Monday, May 11, 2015

NoSQL DB - Managing Consistency, Reliability, Isolation, Concurrency & Replication in Distributed Systems

Consistency, Reliability, Isolation, Concurrency & Replication is very closely related concepts when designing a distributed system. I wanted to give a 1000 ft overview of considerations in distributed database design.
Consistency: Consistency of a transaction is its correctness. A transaction is consistent if it maps one consistent database state to another.[1] Simple ;-)
Following are the three important factors, which interplay with consistency. When you talk about consistency in distributed systems, the impact on reliability, replication and concurrency need to be discussed.

Consistency Buddies:[2][1]
Reliability
Concurrency
Replication


Isolation: Isolation specifies the level of correctness/ consistency.

SQL-92 has defined a set of isolation levels:
Read Uncommitted (Dirty Reads) – Allows a transaction to read uncommitted data by another transaction. [1]
Read Committed (Non-Repeatable Reads) – Allows a transaction to update value read by another open transaction. So when a transaction does two reads on the same data, it returns different results [1]
Repeatable Reads (Phantom reads) – Allows a transaction to add/delete record in a dataset/table while another transaction is doing query on that dataset/table. So if a transaction does two searches, the search results would be different.[1]
Serializable – All transactions are executed one after another [1]

Other Isolation Levels:
Snapshot Read  - Provides repeatable reads but not serializable read. Each transaction sees a snapshot of database when it starts and its reads and writes are performed on this snapshot. [1]
Read Atomic – New ! – Provides repeatable reads but not serializable read.
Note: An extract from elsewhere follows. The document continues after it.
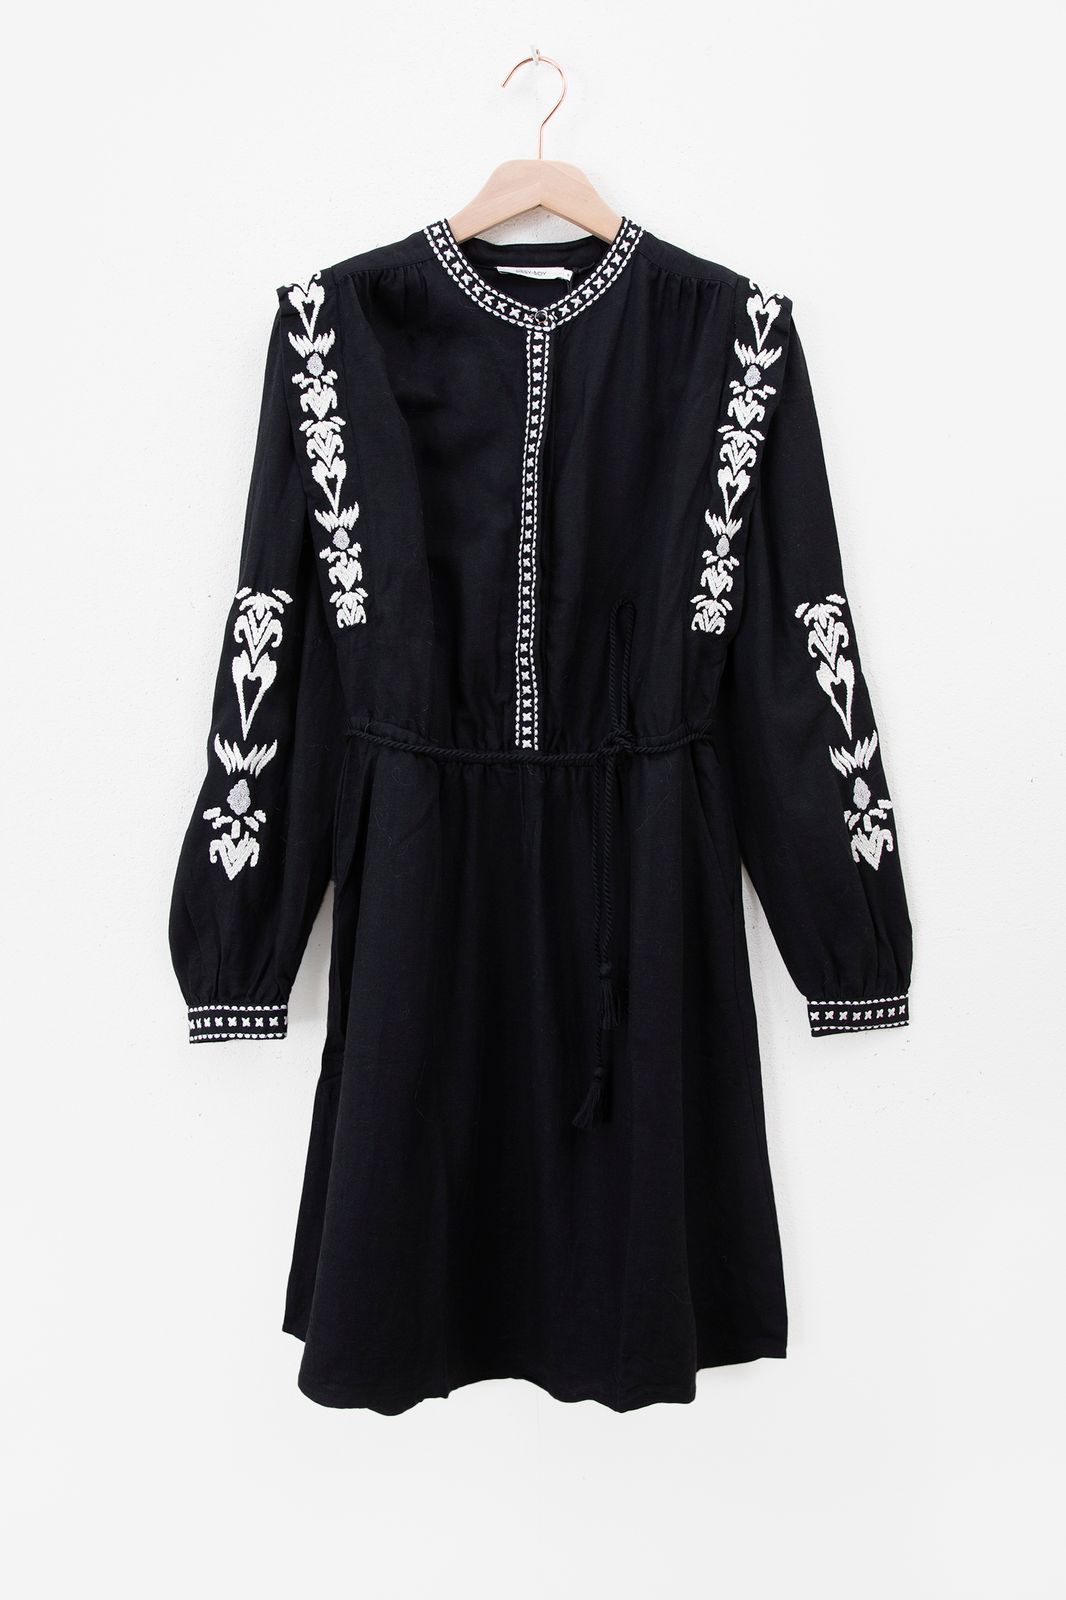 Zwarte jurk met embroidery details

All or none of transaction updates are visible.[3]

Reliability:
Ability to maintain consistency in the event of failures defines reliability of the system.
Types of failures: Machine failure, network failure, runtime failure,
CAP theorem:
C= Consistency
A = Availability
P = Partition

Partition refers to cluster failure. In case of distributed system, it is assumed that some servers will fail or network equipment will fail. System reliability is an issue. So partition is assumed. In case of partition, user has to choose between consistency and availability.
Consistency refers to the data that is read by the client. If user chooses consistency, then they will have lack of availability of data. So user will get message that the system is unavailable to process a request. Eg. In RTB, amount spend on a campaign would definitely prefer consistency over availability.
If user chooses availability, the user does not care of exactness of data. Use case of online reporting would prefer availability to consistency since the system can show data from an hour old record and its fine.
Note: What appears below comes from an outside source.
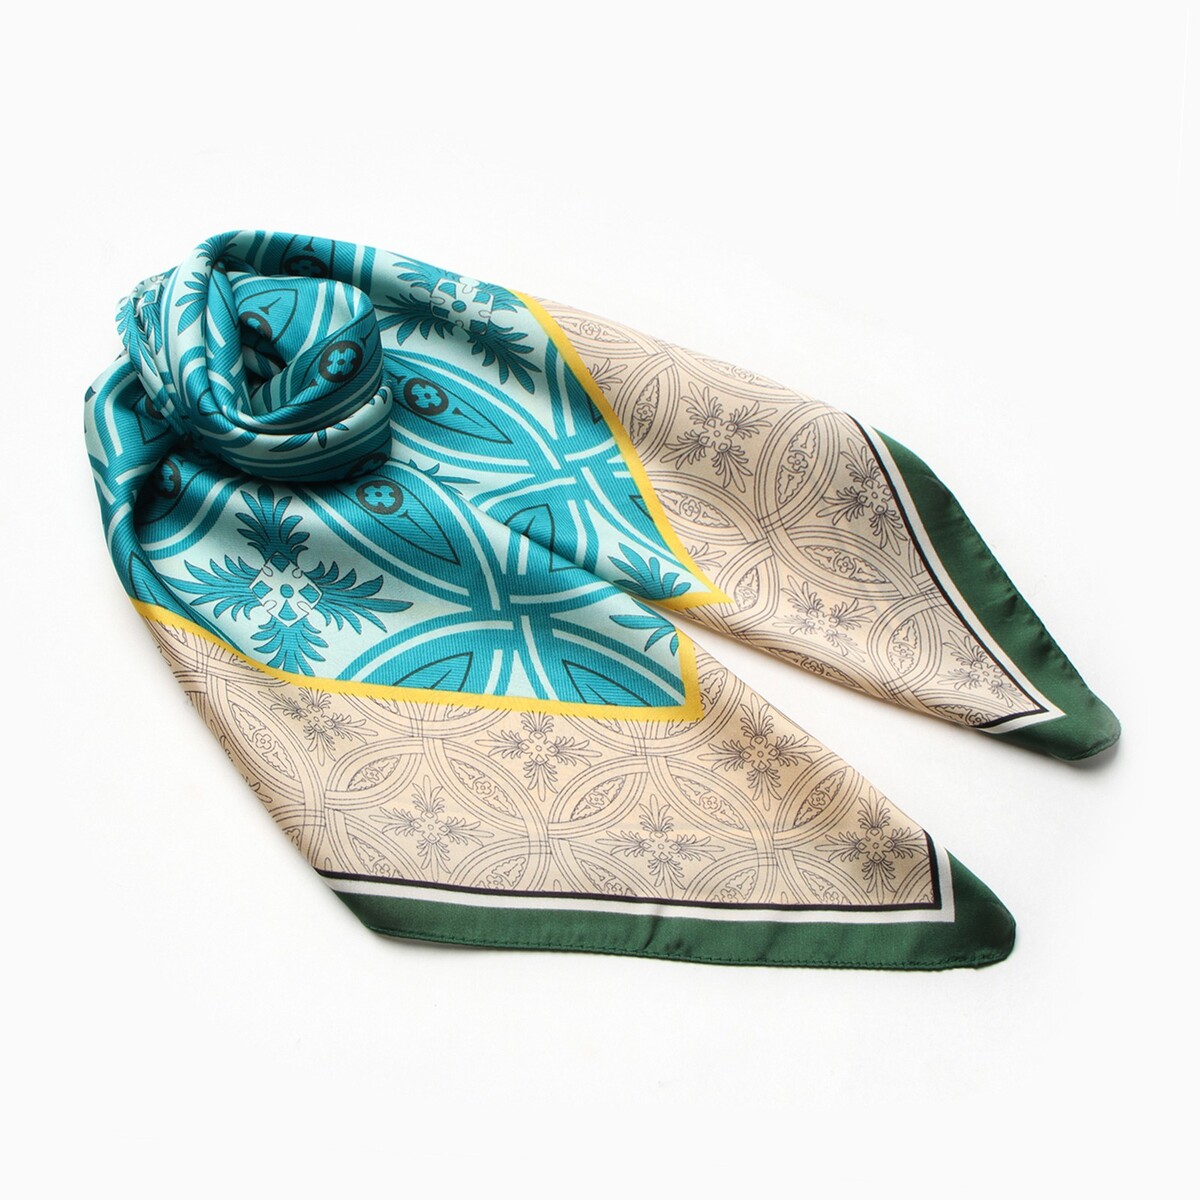 Платок платок со скороговоркой сальвадор 48х48см

Non-blocking termination protocol -> a protocol is non-blocking if it permits a transaction to terminate at the operational sites without waiting for the recovery of the failed site.[1]

2-phase commit – It is a simple and elegant protocol to establish reliability in distributed systems. It extends the effects of local atomic commit actions to distributed transactions by insisting that all sites involved in the execution of a distributed transaction agree to commit the transaction before its effects are made permanent[1]


Concurrency:
The main concern in designing a concurrency control algorithm is to correctly process transactions that are in conflict. [3]
 The following shows classification of concurrency control approaches [4]



The most common classification criterion, however, is the synchronization prim- itive. The corresponding breakdown of the concurrency control algorithms results in two classes [Bernstein and Goodman, 1981]: those algorithms that are based on mutually exclusive access to shared data (locking), and those that attempt to order the execution of the transactions according to a set of rules (protocols). However, these primitives may be used in algorithms with two different viewpoints: the pessimistic view that many transactions will conflict with each other, or the optimistic view that not too many transactions will conflict with one another.[1]
Locking based concurrency: One common implementation to enforce lock-based consistency is using 2-phase locking. [1]
Timestamp based concurrency: This is implemented by assigning a unique timestamp to each client action. [1]
The basic method involves having time synchronized by message passing
The multi version concurrency control allows the read to take place on the record with latest timestamp. The transactions involving write operations are queued based on the timestamp of arrival. However reads are never blocked. This concurrency mechanism is very useful for read heavy transactions.[1]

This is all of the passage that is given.